Convert the given float to a string,
without resorting to scientific notation
"""
d1 = ctx.create_decimal(repr(f))
return format(d1, 'f')
'''
SETUP_2 = '''
def float_to_str(f):
float_string = repr(f)
if 'e' in float_string: # detect scientific notation
digits, exp = float_string.split('e')
digits = digits.replace('.', '').replace('-', '')
exp = int(exp)
zero_padding = '0' * (abs(int(exp)) - 1) # minus 1 for decimal point in the sci notation
sign = '-' if f < 0 else ''
if exp > 0:
float_string = '{}{}{}.0'.format(sign, digits, zero_padding)
else:
float_string = '{}0.{}{}'.format(sign, zero_padding, digits)
return float_string
'''
print(timeit(CODE_TO_TIME, setup=SETUP_1, number=10000))
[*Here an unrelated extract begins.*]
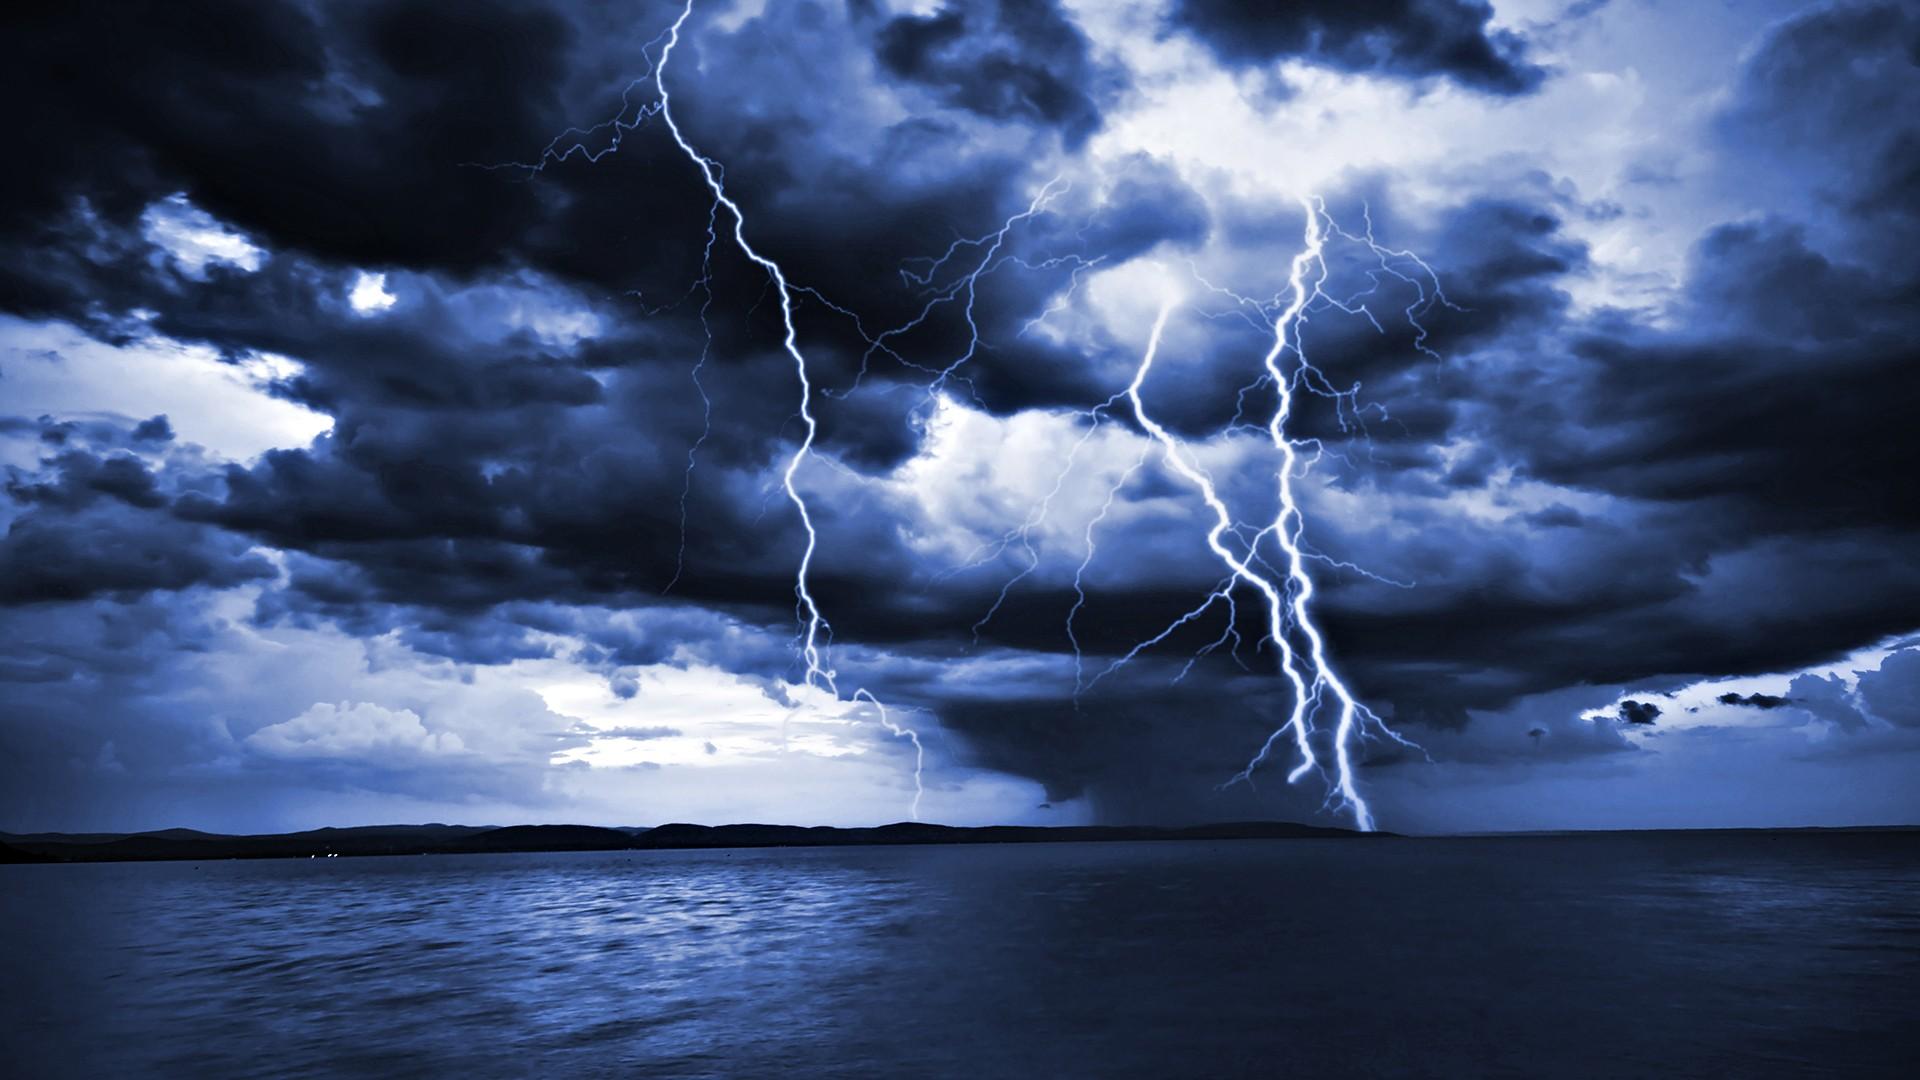 Free Download Storm High Definition Wallpaper Wallpaper High

print(timeit(CODE_TO_TIME, setup=SETUP_2, number=10000))
解决方案3
28 2019-03-22 21:07:10
As of NumPy 1.14.0, you can just use numpy.format_float_positional .从 NumPy 1.14.0 开始,您可以只使用numpy.format_float_positional 。 For example, running against the inputs from your question:例如,针对您的问题的输入运行:
>>> numpy.format_float_positional(0.000000054321654321)
'0.000000054321654321'
>>> numpy.format_float_positional(0.00000005)
'0.00000005'
>>> numpy.format_float_positional(0.1)
'0.1'
>>> numpy.format_float_positional(4.5678e-20)
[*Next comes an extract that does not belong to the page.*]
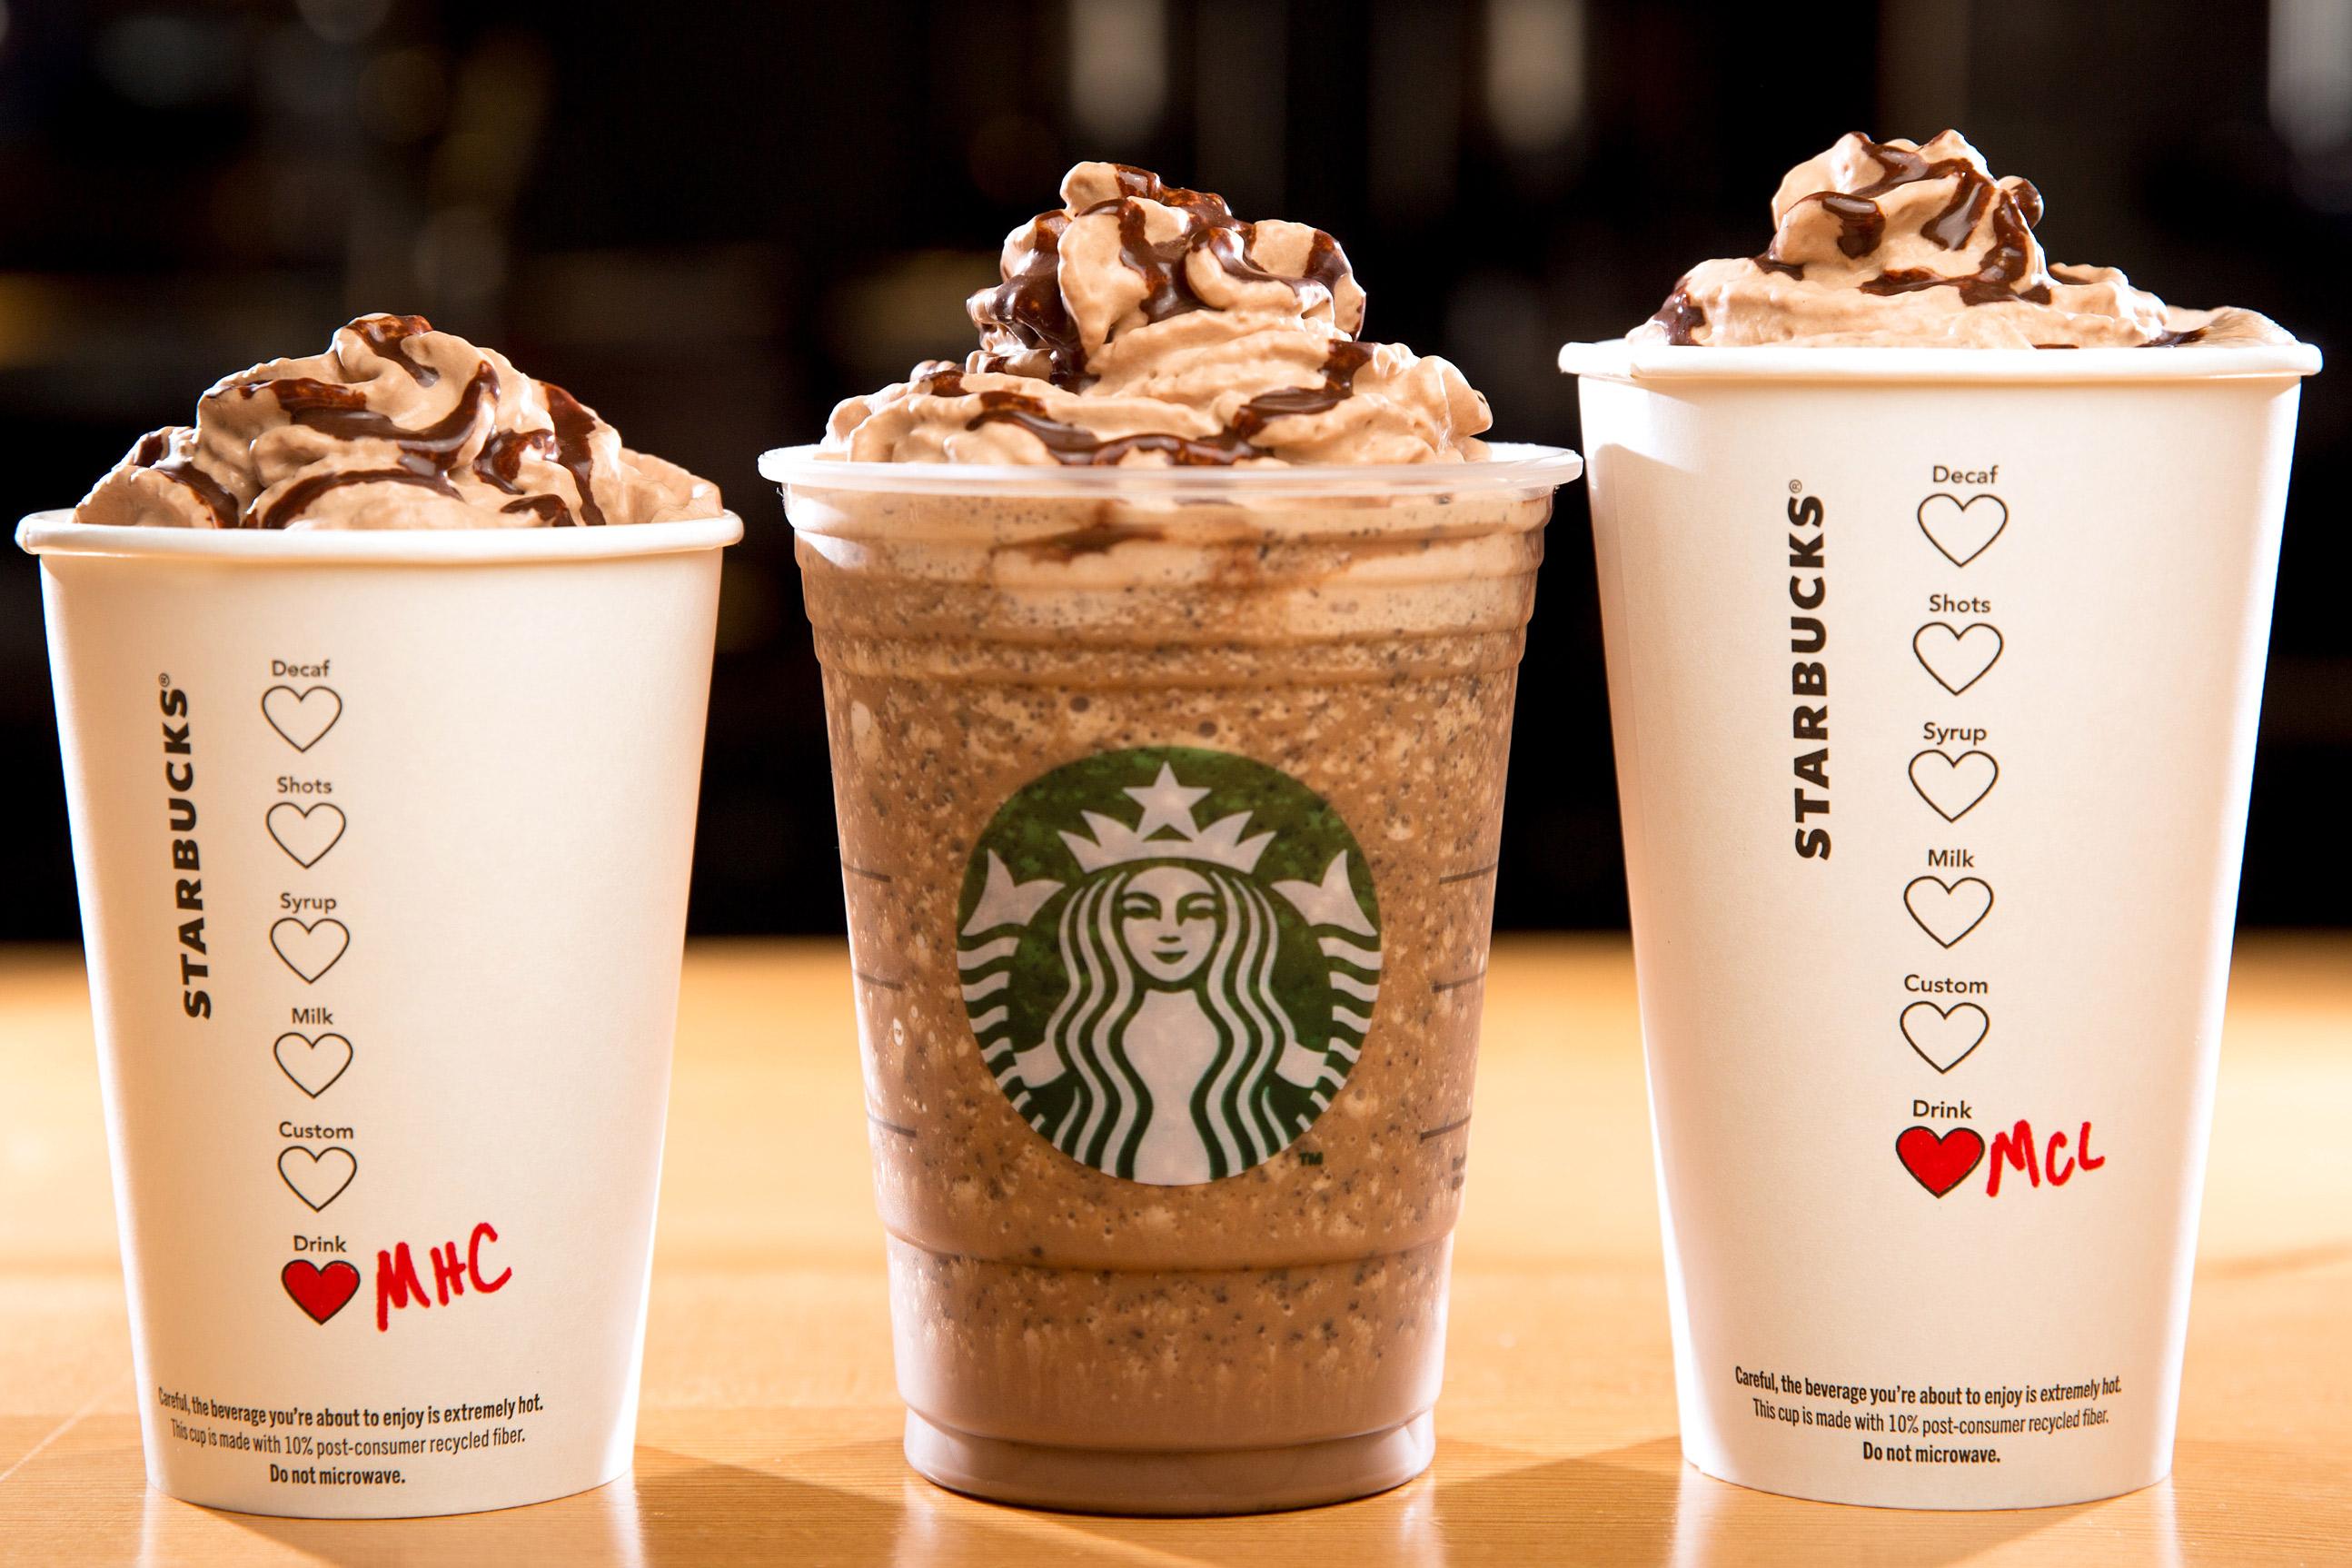 Starbucks beverages

'0.000000000000000000045678'
numpy.format_float_positional uses the Dragon4 algorithm to produce the shortest decimal representation in positional format that round-trips back to the original float input. numpy.format_float_positional使用 Dragon4 算法以位置格式生成最短的十进制表示,该表示可以往返返回到原始浮点输入。 There's also numpy.format_float_scientific for scientific notation, and both functions offer optional arguments to customize things like rounding and trimming of zeros.还有numpy.format_float_scientific用于科学记数法,这两个函数都提供了可选参数来自定义诸如舍入和修剪零之类的东西。
解决方案4
6 2016-08-15 07:29:26
If you are ready to lose your precision arbitrary by calling str() on the float number, then it's the way to go:如果您准备通过在浮点数上调用str()来任意丢失精度,那么这是要走的路:
import decimal
def float_to_string(number, precision=20):
return '{0:.{prec}f}'.format(
decimal.Context(prec=100).create_decimal(str(number)),
prec=precision,
).rstrip('0').rstrip('.') or '0'
It doesn't include global variables and allows you to choose the precision yourself.它不包括全局变量,并允许您自己选择精度。 Decimal precision 100 is chosen as an upper bound for str(float) length.选择十进制精度 100 作为str(float)长度的上限。 The actual supremum is much lower.实际的上限要低得多。 The or '0' part is for the situation with small numbers and zero precision. or '0'部分用于小数字和零精度的情况。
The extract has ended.